Google supplies a basic webcrawler as a google desktop plugin called
Kongulo (http://sourceforge.net/projects/goog-kongulo/) which is
written in python. I would think python would be perfect for this sort
of application. Your bottleneck is always going to be downloading the
page.
 
T

Tempo

Why do you say that the bottleneck of the crawler will always be
downloading the page? Is it becasue there isn't already a modual to do
this and I will have to start from scratch? Or a bandwidth issue?
 
D

Diez B. Roggisch

Tempo said:
Why do you say that the bottleneck of the crawler will always be
downloading the page? Is it becasue there isn't already a modual to do
this and I will have to start from scratch? Or a bandwidth issue?

Because of bandwidth - not necessarily yours directly, but the maximum flow
between your uplink and the site in question. It will always take at least
a fractioin of a second up to several seconds until the data is there - in
that time, lots of python code can run.

Diez
 
T

Tempo

Does a web crawler have to download an entire page if it only needs to
check if the product is in stock on a page? Or if it just needs to
search for one match of a certain word on a page?
 
T

Tim Parkin

Tempo said:
Does a web crawler have to download an entire page if it only needs to
check if the product is in stock on a page? Or if it just needs to
search for one match of a certain word on a page?
Typically you would download the whole html file and then perform any
analysis on this. It is possible to parse the stream of characters as
they come back from the server but this would statistically only reduce
the download time by a half (presuming the item you want is of a single
byte in length and can appear anywhere in the html). In reality, unless
the pages you are requesting are very large (200k+) or your bandwidth
very expensive (in time and/or capacity) then it is probably easier for
you to just download the whole file.

I would recommend that you use BeautifulSoup to parse badly formatted
html documents (which is most of the web). (google 'beautiful soup' and
you should find it easily).

Tim Parkin
 
T

Tempo

I took your advice and got a copy of BeautifulSoup, but I am having
trouble installing the module. Any advice? I noticed that I just can't
put it into the 'lib' directory of python to install it.
 
T

Tim Parkin

Tempo said:
I took your advice and got a copy of BeautifulSoup, but I am having
trouble installing the module. Any advice? I noticed that I just can't
put it into the 'lib' directory of python to install it.
Just save the file in the same directory as your project then you should
be able to use the sample code.

Tim Parkin
 
P

Paul Rubin

Tempo said:
I was wondering if python is a good language to build a web crawler
with? For example, to construct a program that will routinely search x
amount of sites to check the availability of a product. Or to search
for news articles containing the word 'XYZ'. These are just random
ideas to try to explain my question a bit further.

I've written a few of these in Python.
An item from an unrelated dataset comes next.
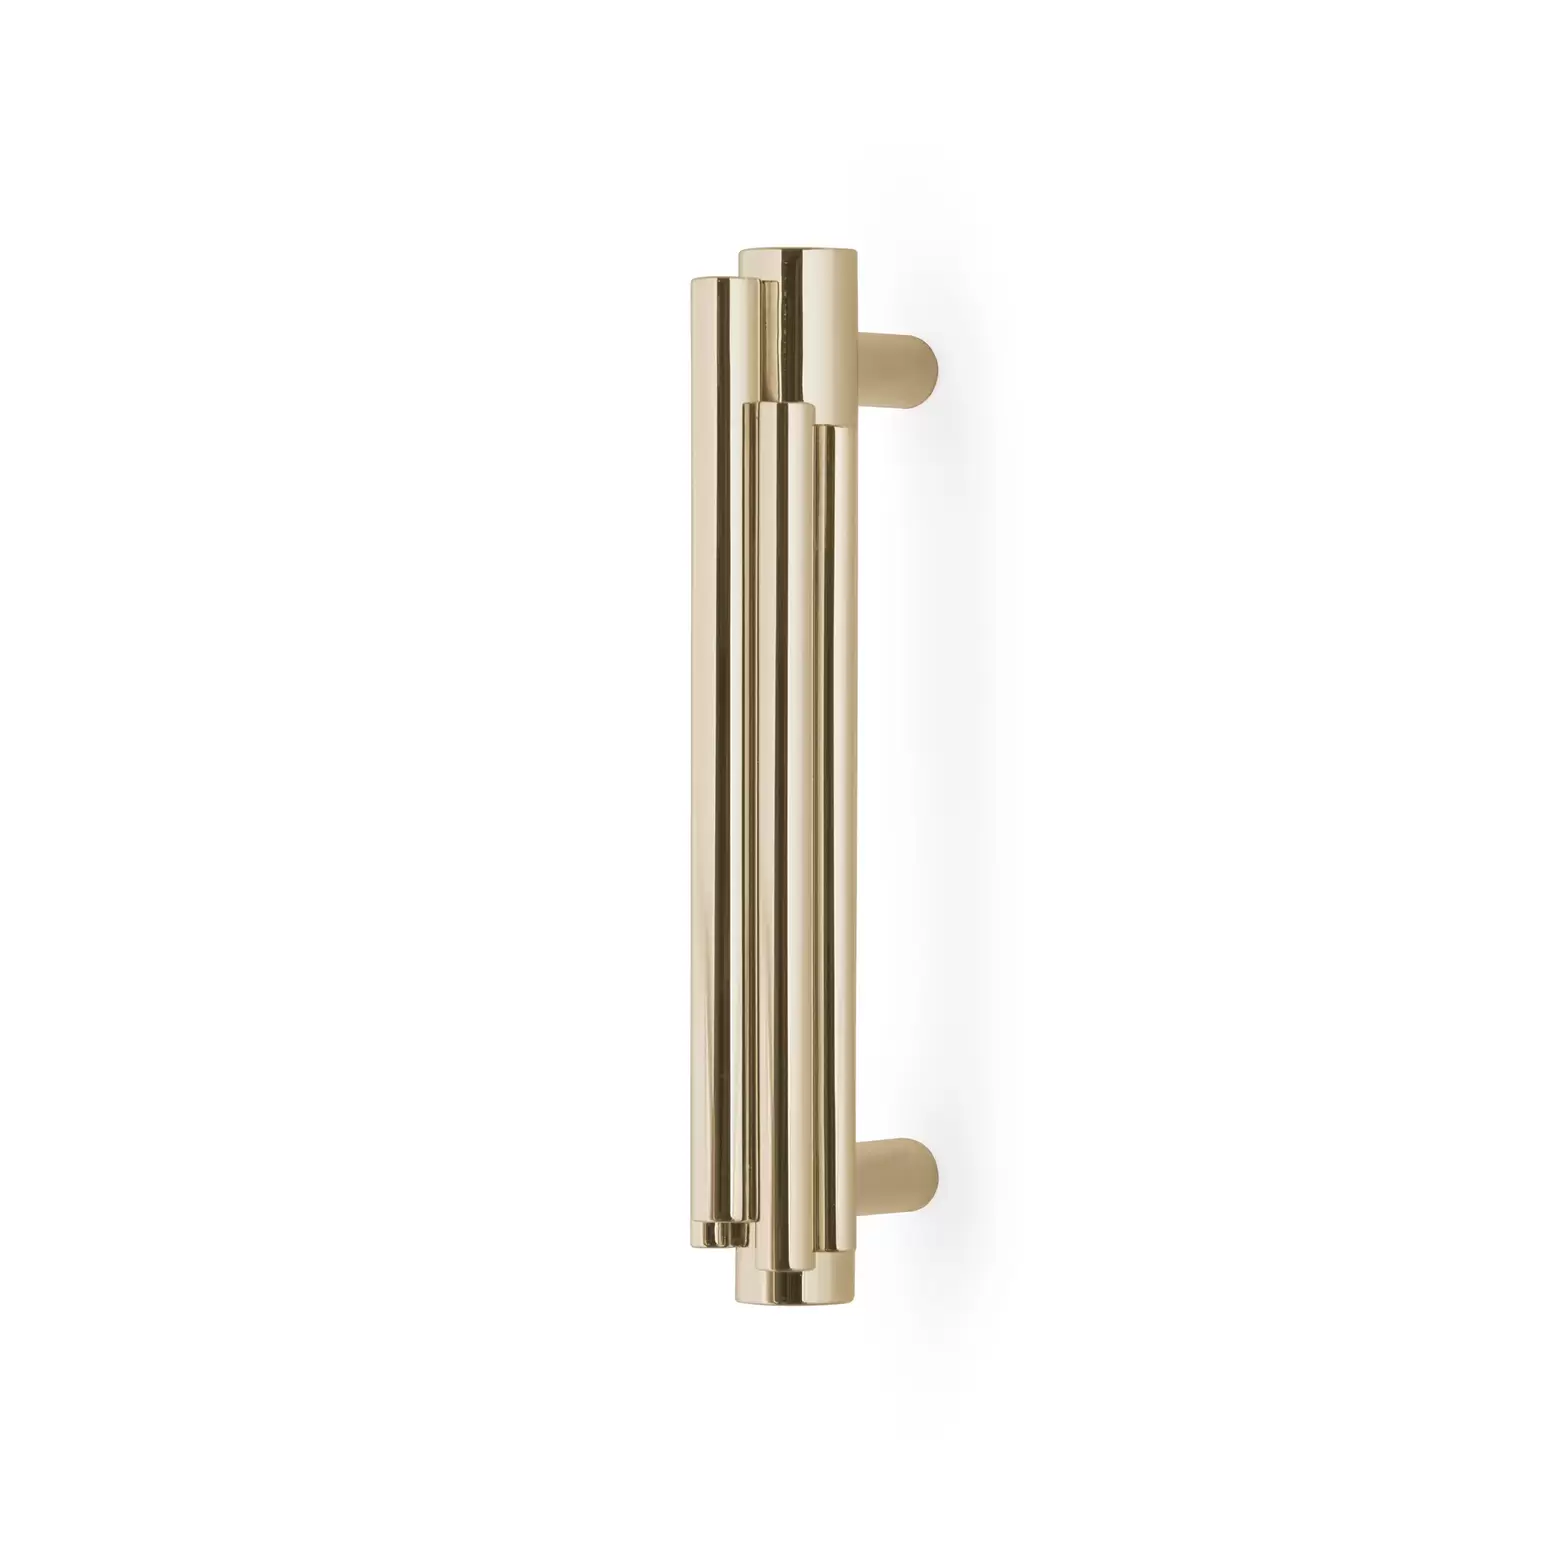 DRAWER HANDLES TO TRANSFORM YOUR SPACE

The language itself is fine
for this. The built-in libraries do most of what you'd hope, though
they have room for improvement. Generally I use urllib.read() to get
the whole html page as a string, then process it from there. I just
look for the substrings I'm interested in, making no attempt to
actually parse the html into a DOM or anything like that.
 
P

Paul Rubin

Xavier Morel said:
BeautifulSoup...
The API of the package is extremely simple, straightforward and... obvious.
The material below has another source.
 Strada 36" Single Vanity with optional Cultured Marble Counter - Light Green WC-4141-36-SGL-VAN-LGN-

I did not find that. I spent a few minutes looking at the
documentation and it wasn't obvious at all how to use it. Maybe I
could have figured it out with more effort, but I got whatever the
immediate task was done without it instead. It does look like a nice
package but the docs need improvement.
 
X

Xavier Morel

Paul said:
Generally I use urllib.read() to get
the whole html page as a string, then process it from there. I just
look for the substrings I'm interested in, making no attempt to
actually parse the html into a DOM or anything like that.
>
BeautifulSoup works *really* well when you want to parse the source
(e.g. when you don't want to use string matching, or when the structures
you're looking for are a bit too complicated for simple string
matching/substring search)

The API of the package is extremely simple, straightforward and... obvious.
 
T

Tempo

I agree. I think the way that I will learn to use most of it is by
going through the source code.
 
M

Magnus Lycka

Tempo said:
I was wondering if python is a good language to build a web crawler
with? For example, to construct a program that will routinely search x
amount of sites to check the availability of a product. Or to search
for news articles containing the word 'XYZ'. These are just random
ideas to try to explain my question a bit further. Well if you have an
opinion about this please let me know becasue I am very interested to
hear what you have to say. Thanks.

I dunno, but there are these two guys, Sergey Brin and Lawrence Page,
who wrote a web crawler in Python. As far as I understood, they were
fairly successful with it. I think they called their system Koogle,
Bugle, or Gobble or something like that. Goo...can't remember.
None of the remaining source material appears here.